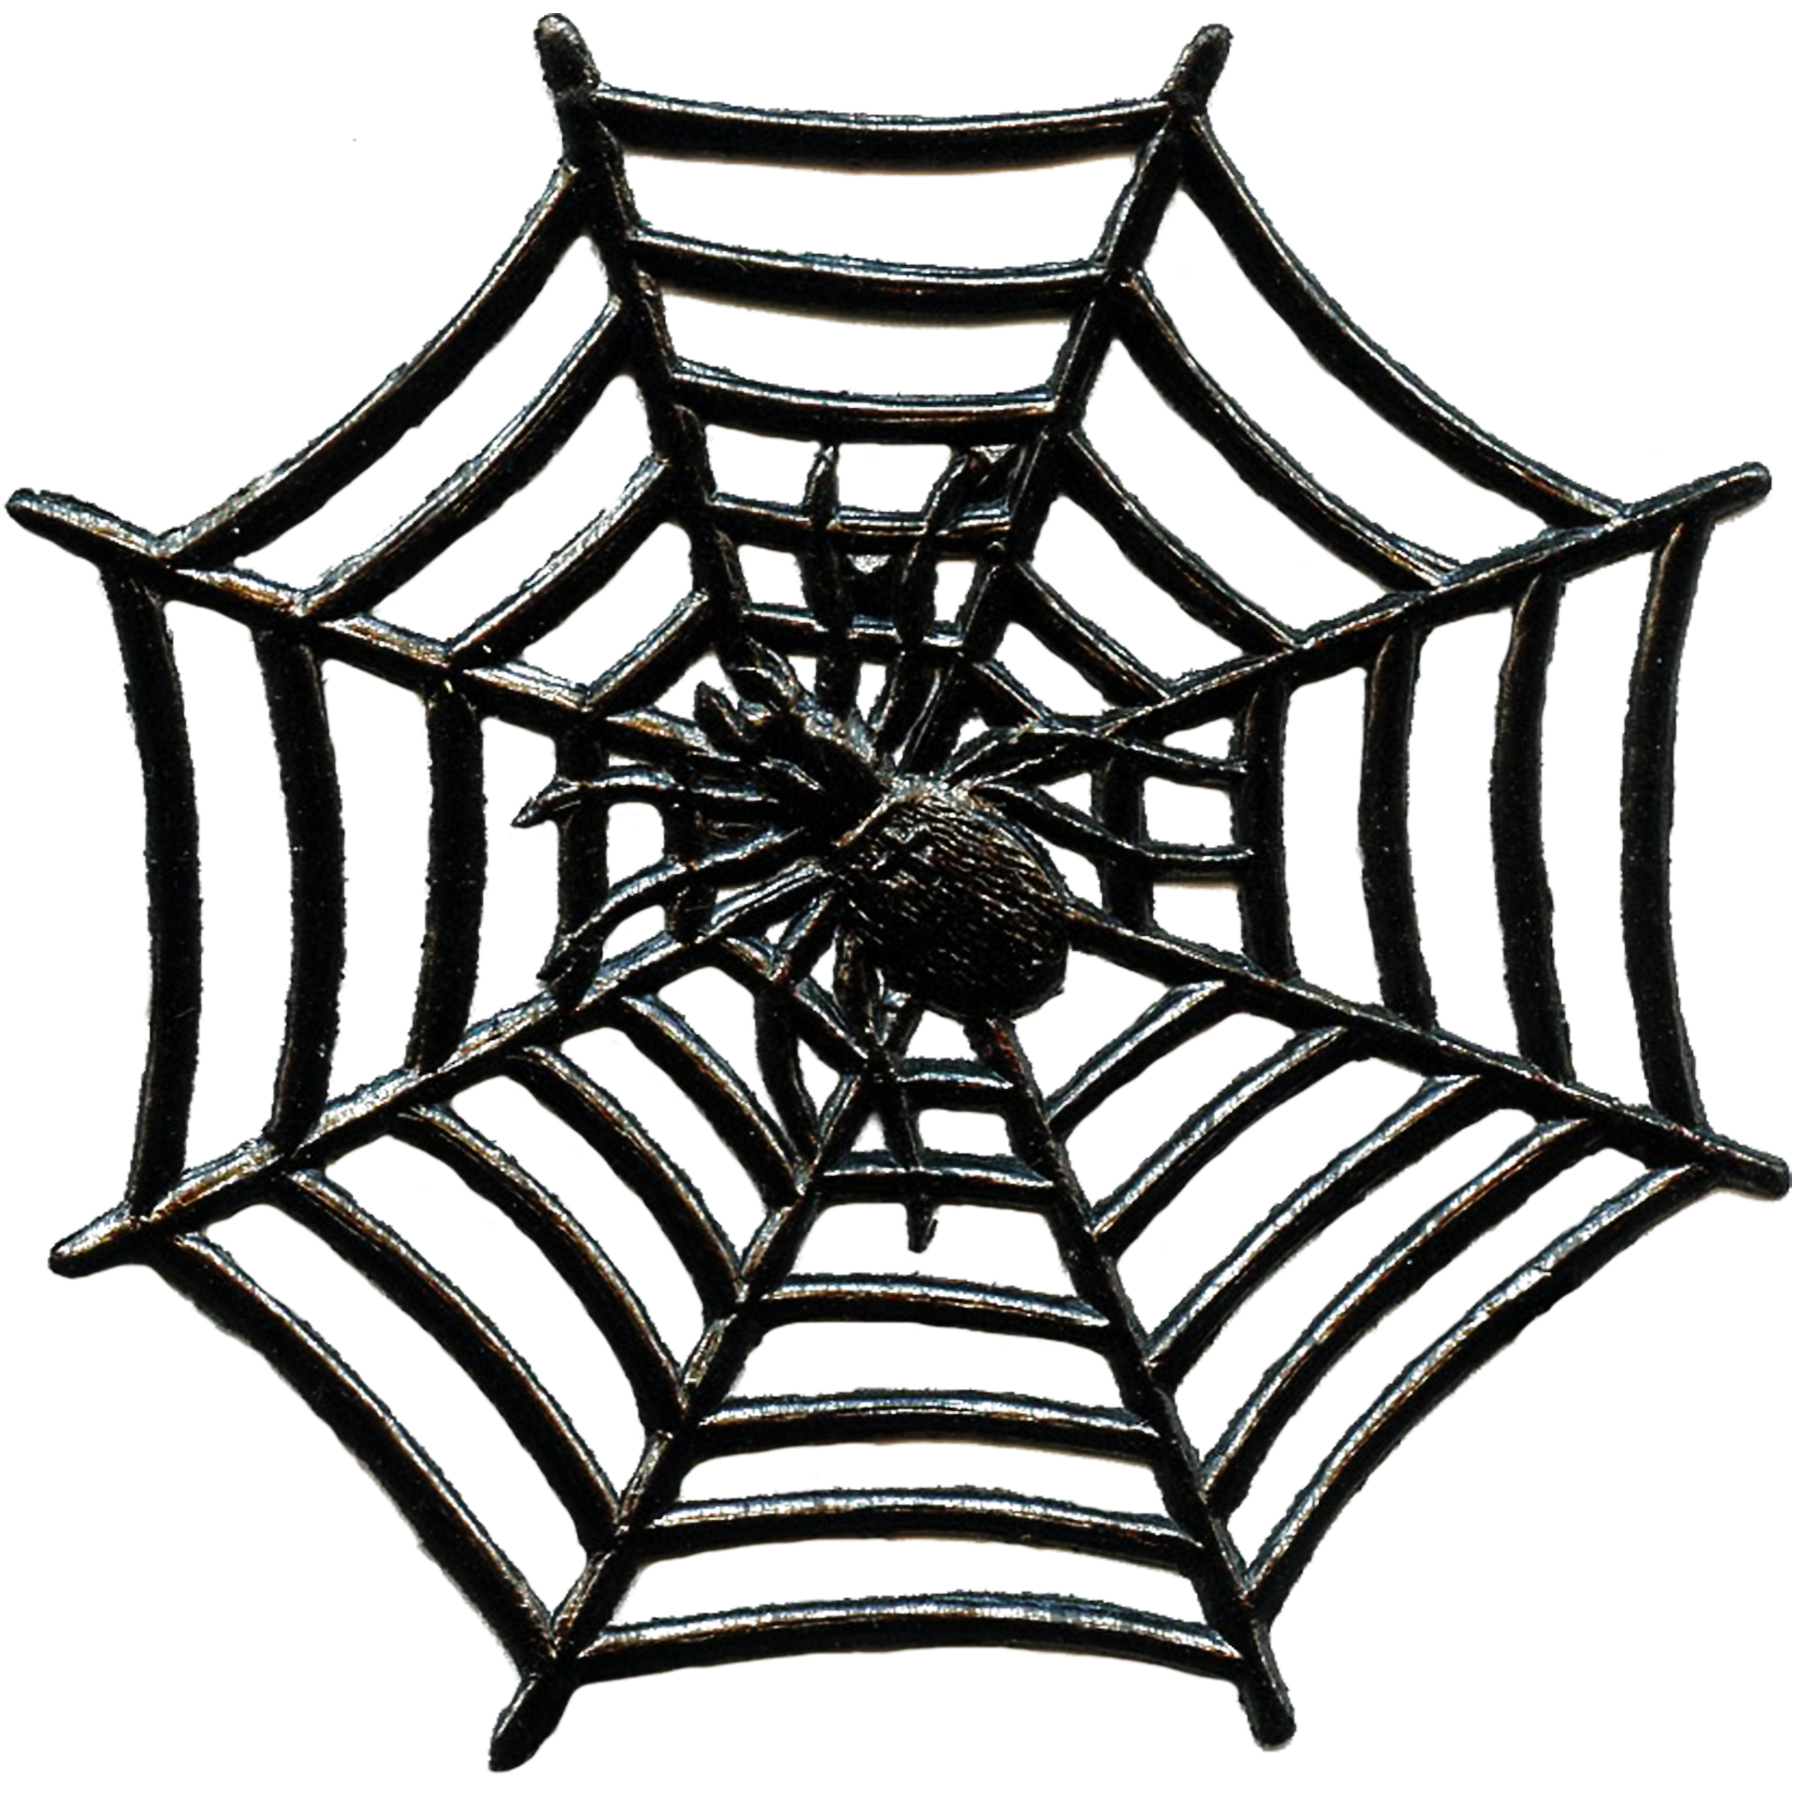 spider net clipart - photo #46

...

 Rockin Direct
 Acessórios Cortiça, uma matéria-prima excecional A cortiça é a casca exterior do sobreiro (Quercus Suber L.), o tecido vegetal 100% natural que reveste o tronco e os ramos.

*Exercise instructions*
Give back, unchanged, the run of lines in the listing above that begins at the line containing "Rockin Direct" and ends at the line containing "Acessórios Cortiça, uma", both included.

*Final answer*
 Rockin Direct
 Acessórios Cortiça, uma matéria-prima excecional A cortiça é a casca exterior do sobreiro (Quercus Suber L.), o tecido vegetal 100% natural que reveste o tronco e os ramos.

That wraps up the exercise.